Edmondson v. Alig, 926 S.W.2d 856, 858 (Ky. App. 1996); 04-OMD-029, p. 4. This holding applies with equal force to parallel requirements of the Open Meetings Act. Because the Fiscal Court failed to provide any response to Ms. Houk's complaint, in violation of KRS 61.846(1), only chose to address one of the allegations in responding to her appeal from this inaction, and failed to provide any proof, this office must conclude that it violated the Open Meetings Act insofar as it did not comply with all of the notice requirements codified at KRS 61.823(3) and (4) prior to any of the special meetings held between January 1, 2008, to May 28, 2010.
A party aggrieved by this decision may appeal it by initiating action in the appropriate circuit court pursuant to KRS 61.846(4)(a). The Attorney General should be notified of any action in circuit court, but should not be named as a party in that action or in any subsequent proceedings.

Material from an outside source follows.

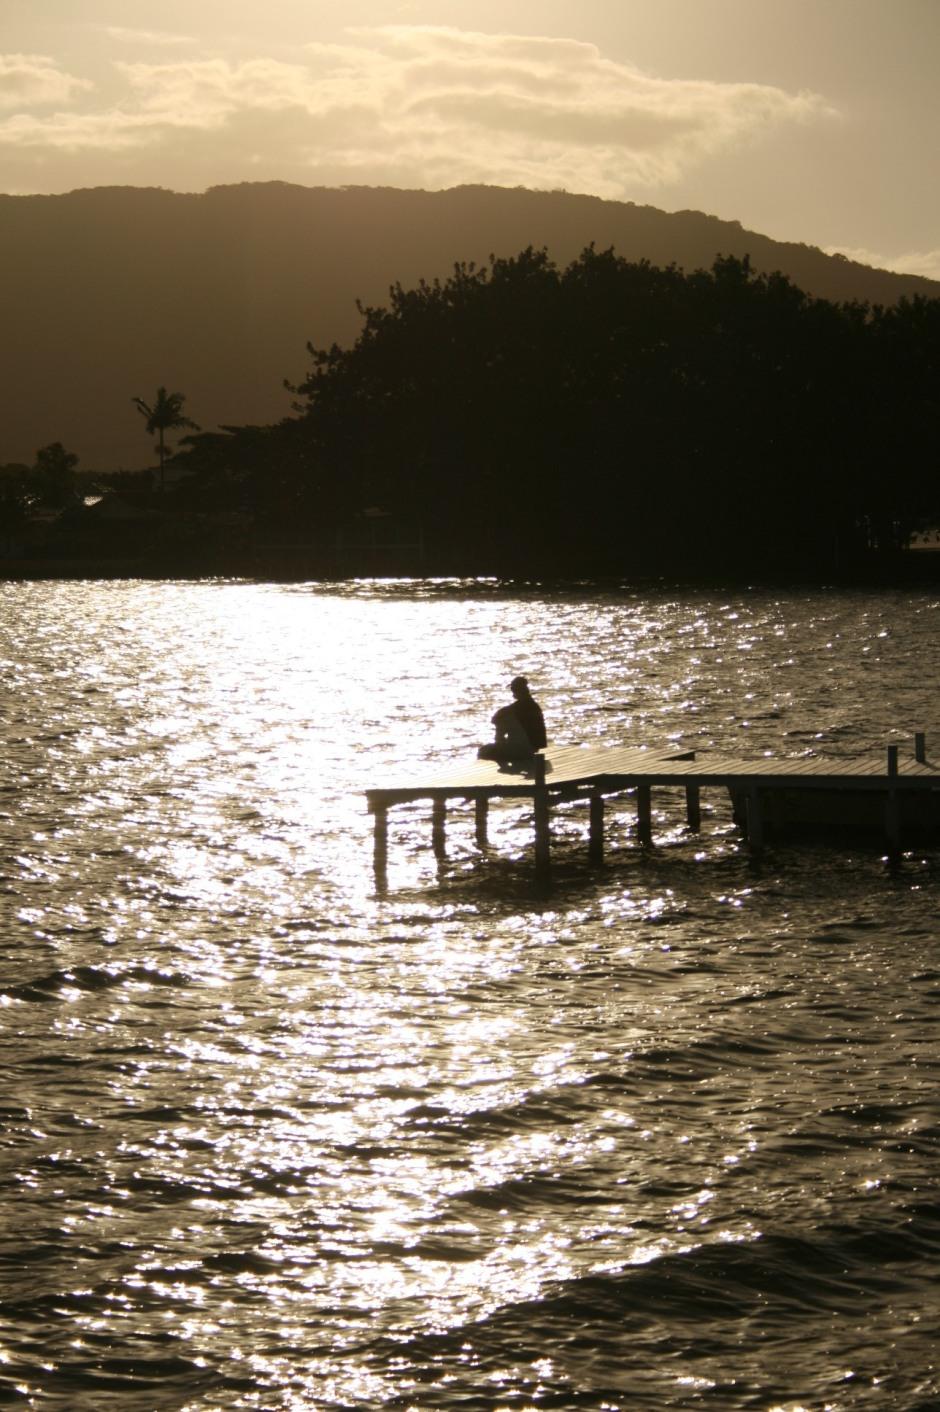 Lagoa_da_conceição_2007_sarah_santos
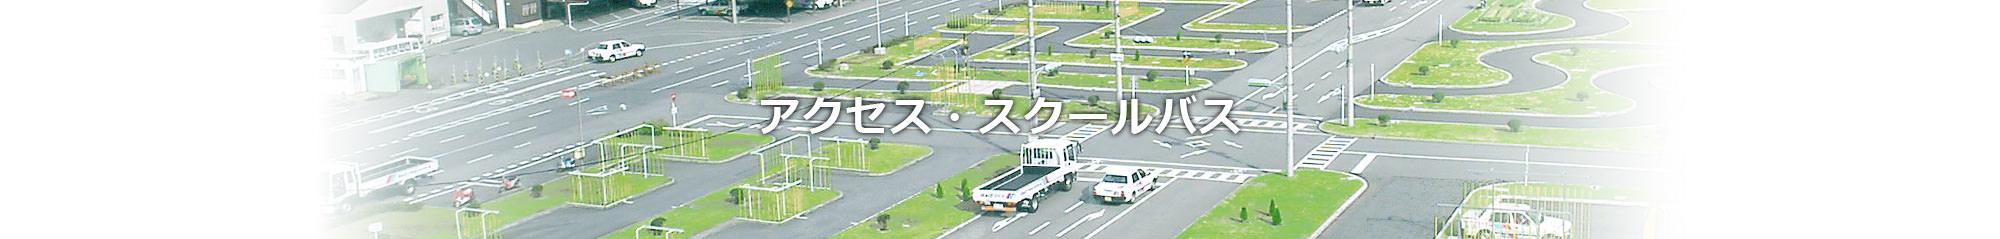 アクセス・スクールバス

Norma HoukBuzz CarloftisWilliam D. Reynolds
Footnotes
Footnotes
1 In relevant part, KRS 61.835 provides that minutes of public agencies must be "open for inspection at reasonable times no later than immediately following the next meeting of the body." Although a public agency may waive the available exception and release unapproved minutes, it is not required to do so. The Attorney General has long recognized that "unapproved minutes of [public] meetings may properly be withheld as preliminary records." See, e.g., 96-ORD-21. Such minutes are in the nature of a preliminary draft and thus are not subject to public inspection pursuant to KRS 61.878(1)(i) until approved at the next meeting of the body. 09-ORD-206, p. 4.
2 A review of the Local Agency Records Retention Schedule reveals that Record Series L4966 is "used to document the time and place of meetings and the agendas for those meetings. This series may include the time, date, [and] place of [a] meeting and the subjects to be covered." Record Series L4953 "is used to document that those members and other interested parties have been notified and sent what items would be addressed at a meeting of the legislative body" and "may include the date and time and the subjects to be addressed." The retention period for both of these series is one year; accordingly, the Fiscal Court presumably had such records, at least for meetings dating back to a year prior to Ms. Houk's July 15, 2010, complaint, even if the records predating July 15, 2009, were properly destroyed in the normal course of business, assuming they were created to begin with in compliance with provisions of the Open Meetings Act.